Probability Question: A lottery has $25$ million participants. Calculate the expected rounds to get to $5$ participants or less

Question

A lottery has 25 million participants. At each round a random number of participants is selected to participate in the next round. That number is uniformly distributed between 1 and the number of participants left. How many round should be expected on average to get to 5 participants or less? The answer should be one of 22, 23, 24, 25.

My idea: Let $n$ be the number of participants left and $f(n)$ be the expected rounds to get to 5 participants or less. Clearly, $f(5) = 0$, $f(6) = 1$,...and $$f(n) = \frac{1}{n}(f(n-1) + f(n-2) + ... + f(5)) + 1 $$ So I coded it in Python and got result 16.16.

Here is my code:

pre_sum = 0 #this is f(5) + f(6) + ... + f(n-1)
for n in range(6, 25000001):
    #calculate f(n)
    temp = pre_sum/n + 1
    #update pre_sum
    pre_sum += temp

The last temp is 16.16.

I have two questions regarding this problem:

1. Why is my method wrong?
2. Are there any ways to compute this question without coding?

Answer 1

$$\frac{25,000,000}{2^k}\leq 5$$

$$k\geq \frac{log5,000,000}{log2}$$

$$k\geq22.26$$

$$k=23$$

Answer 2

Whoever set the question didn't try it out as you did.

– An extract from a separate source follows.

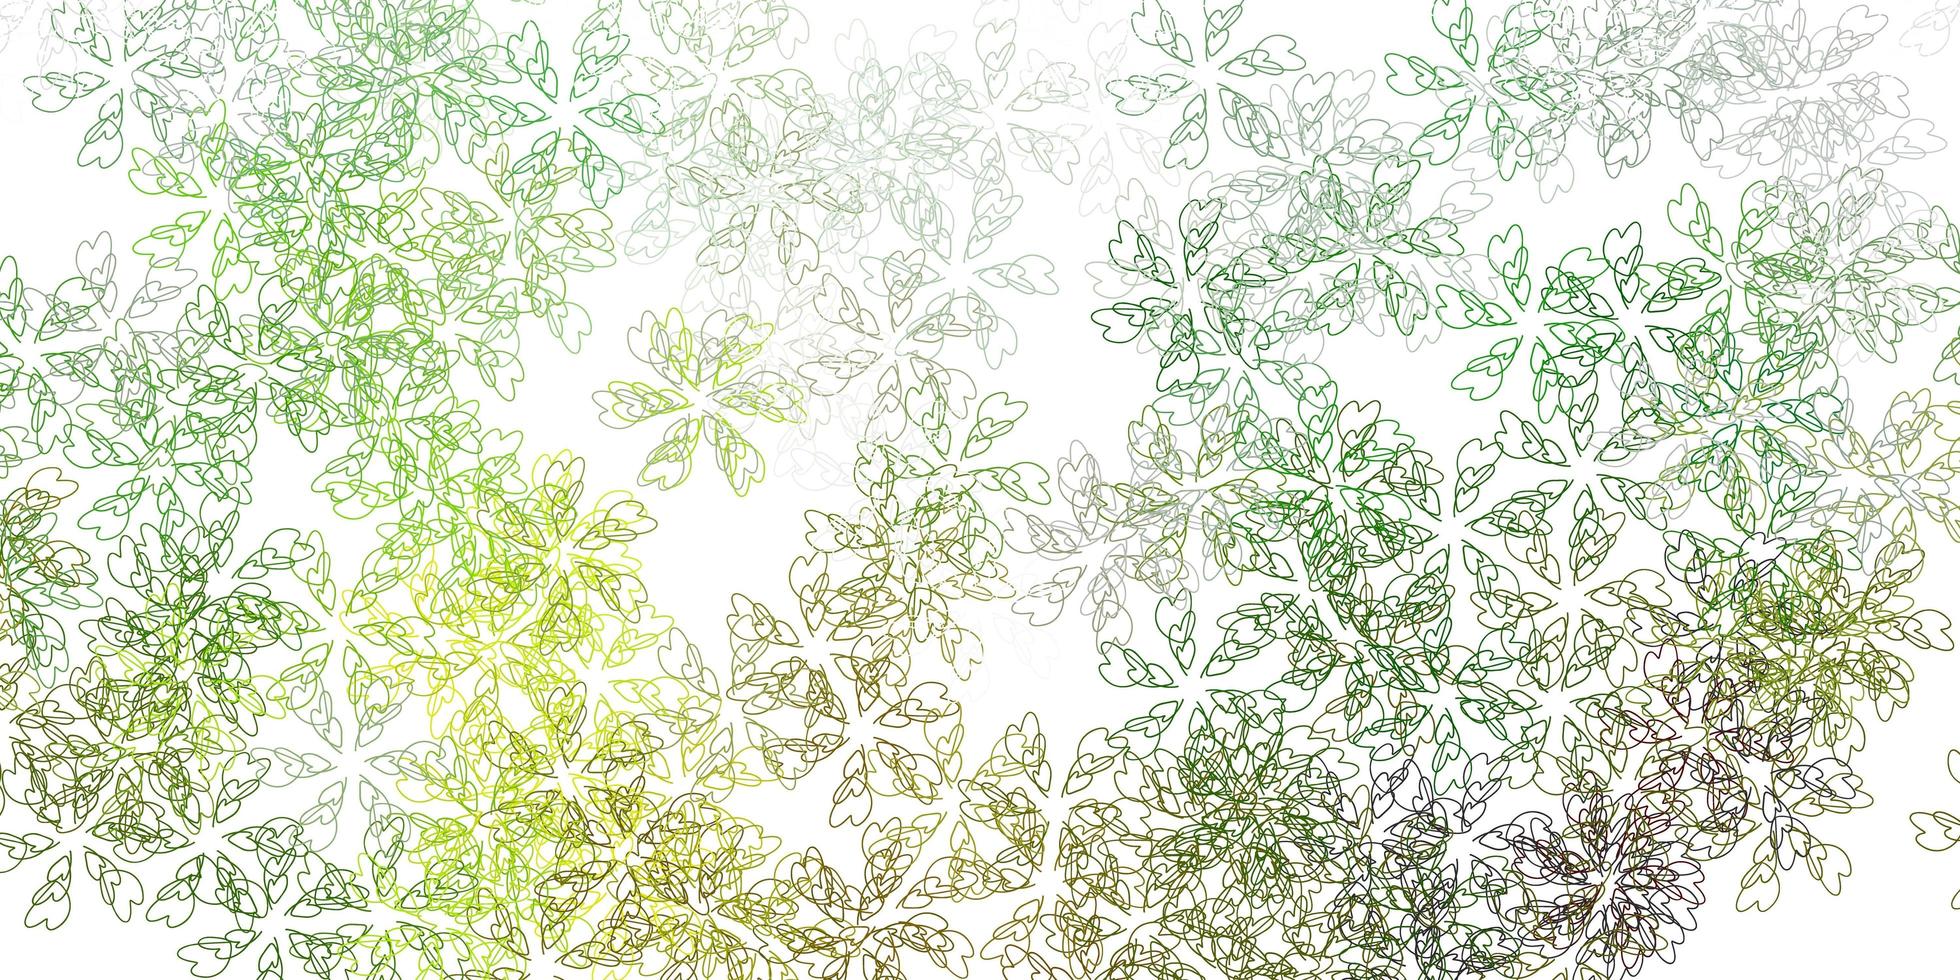 ljusgrön, gul vektor abstrakt bakgrund med blad.

The effects are multiplicative, so the effect on the logarithm is additive. On average, the natural logarithm reduces by $1$ at each step. The natural logarithm of $25000000/5$ is 15.4, so 16 steps are needed. Perhaps my calculation has errors because only whole numbers are used.

Answer 3

As far as your method, it is correct and your answer is almost right. There is a slight mistake which I have shown below. With correction, I get 16.5283.

$f(n) = \frac{1}{n}(f(n) + f(n-1) + f(n-2) + ... + f(6)) + 1$

$\frac{n-1}{n} f(n) = \frac{1}{n}(f(n-1) + f(n-2) + ... + f(6)) + 1$

$f(n) = \frac{1}{n-1}(f(n-1) + f(n-2) + ... + f(6)) + \frac{n}{n-1}$

The reason for changes -

i) when $n$ participants are left, you can again randomly pick $n$ participants for the next round with $\frac{1}{n}$ probability.

ii) The game ends when you get any number less than or equal to $5$.

This is the Python script I ran -

pre_sum = 0
temp = 0
for n in range(6, 25000001):
$\space$ pre_sum += temp
$\space$ temp = pre_sum/(n-1) + n/(n-1)
pre_sum = temp
print(pre_sum)